A Mark Aitken’s images are available in his book Sanctum Ephemeral, with words by Howard Cunnell, available in Book Mongers at £19. A The Painter’s Friend is available from bookshops and online at £9.99.

Access to Brixton’s brightest teenagers

Young people, particularly those from disadvantaged backgrounds, are not being equipped for the world of work according to a book by Abigail Melville, founder of Brixton social enterprise, We Rise. She says that the modern workplace demands modern skills, so employees must be creative, entrepreneurial and flexible.

But, she points out, outdated systems of education force young people into compliance with “linear thinking”, concentrating on exam skills and university.

We Rise developed an innovative approach to work experience, giving young people the opportunity to develop skills they are unlikely to learn from school. It focuses support on young people from disadvantaged backgrounds who are less likely to have access to professional networks, inspiration and mentoring.
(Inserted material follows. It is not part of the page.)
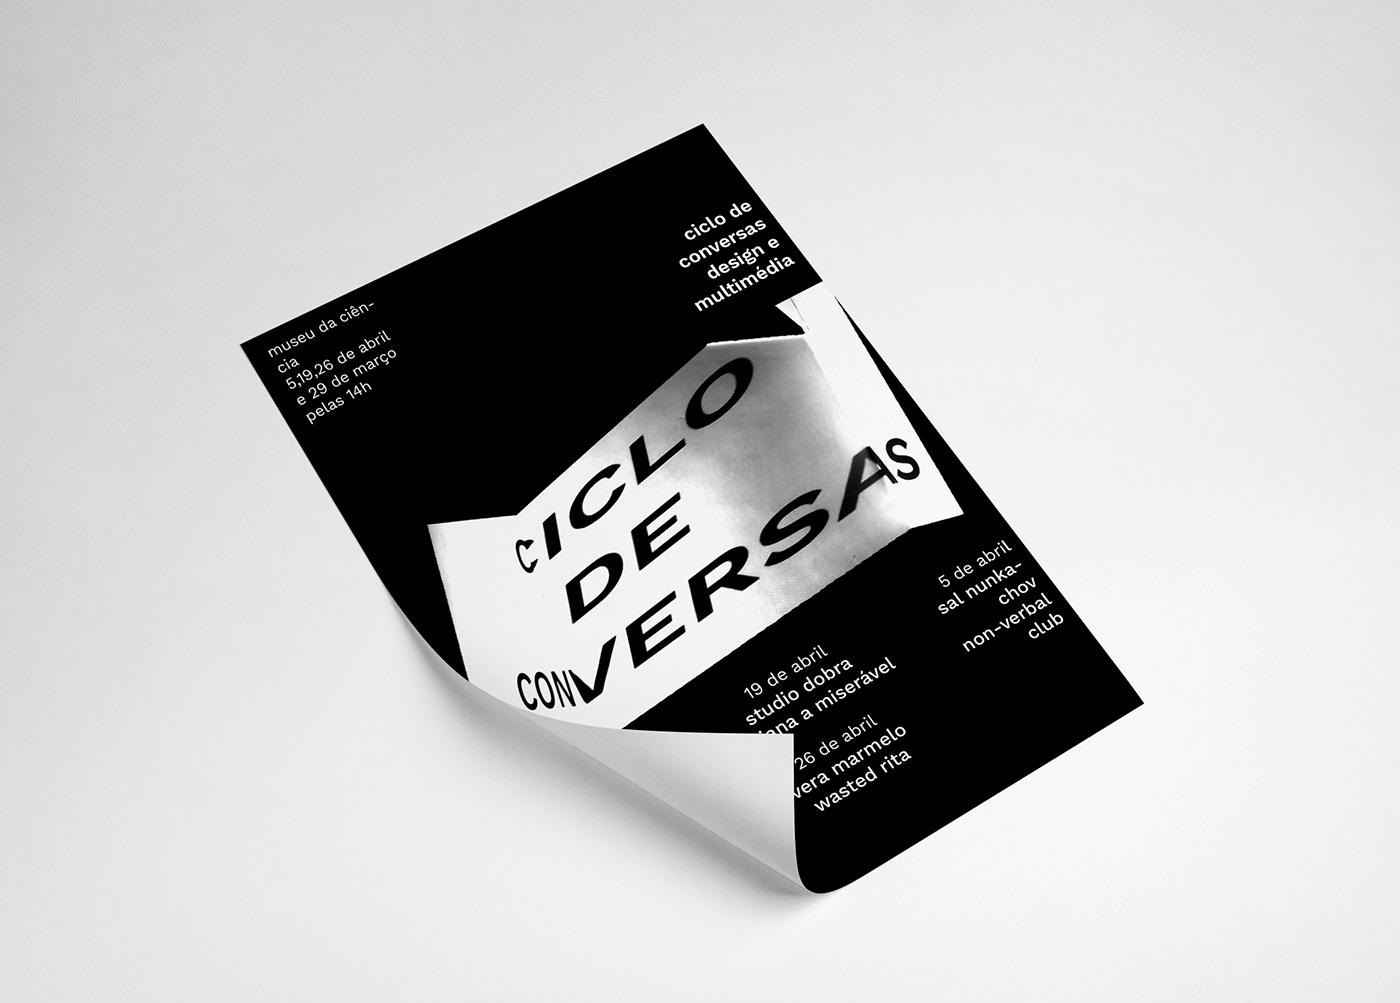 School Project conference graphic design  projections Ciclo de Conversas black White Rebrand

In The Work Experience Revolution, launched in Brixton’s International House, Abigail Melville explains how We Rise used imagination and collaboration to find new ways to give young people the exposure and experience they need to thrive in a rapidly changing world of work. She calls for: ● Opening up learning places – identifying more spaces where young people can collaborate and learn in professional working environments. ● (Re)discovering a mentoring habit – making sure every teenager has access to good quality, sustained mentoring to help them develop their talent and build connections with the world of work. ● Creating opportunities for real work and

platforms for young people to showcase their talent

– providing more real world projects to give young people 21st century work experience.

“We Rise is now able to offer organisations access to the minds of Brixton’s brightest teenagers,” Abigail Melville said.
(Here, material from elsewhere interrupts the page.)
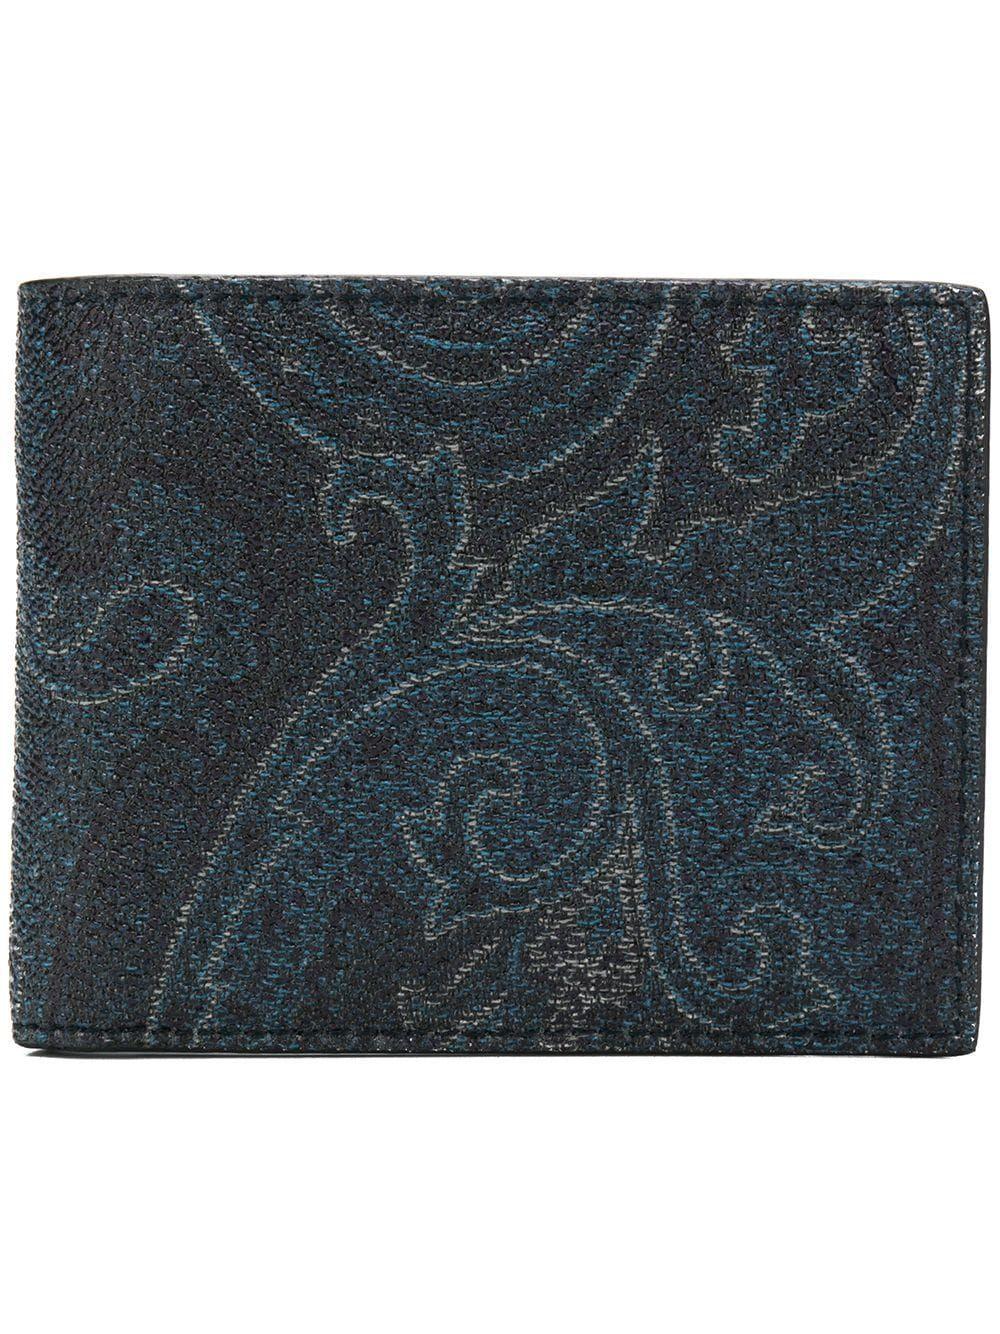 Etro portafogli blu

The launch event also saw the unveiling of the We Rise Edit Box – an editing suite on wheels. We Rise partnered with Clapham Film Unit, a collective of local film-makers, to improve its media output by building the box, with funding from the LHC Community Benefit Fund.

We Rise in-house architect and chief operating officer Polly Waterworth designed the three-metre-square box from salvaged materials. It can be moved around and partially opened for screenings. The box provides on-site editing for the Clapham Film Unit and for members of the community, especially young Lambeth residents. A The Work Experience Revolution is available online at £8.99 in paperback and £0.77 in ebook.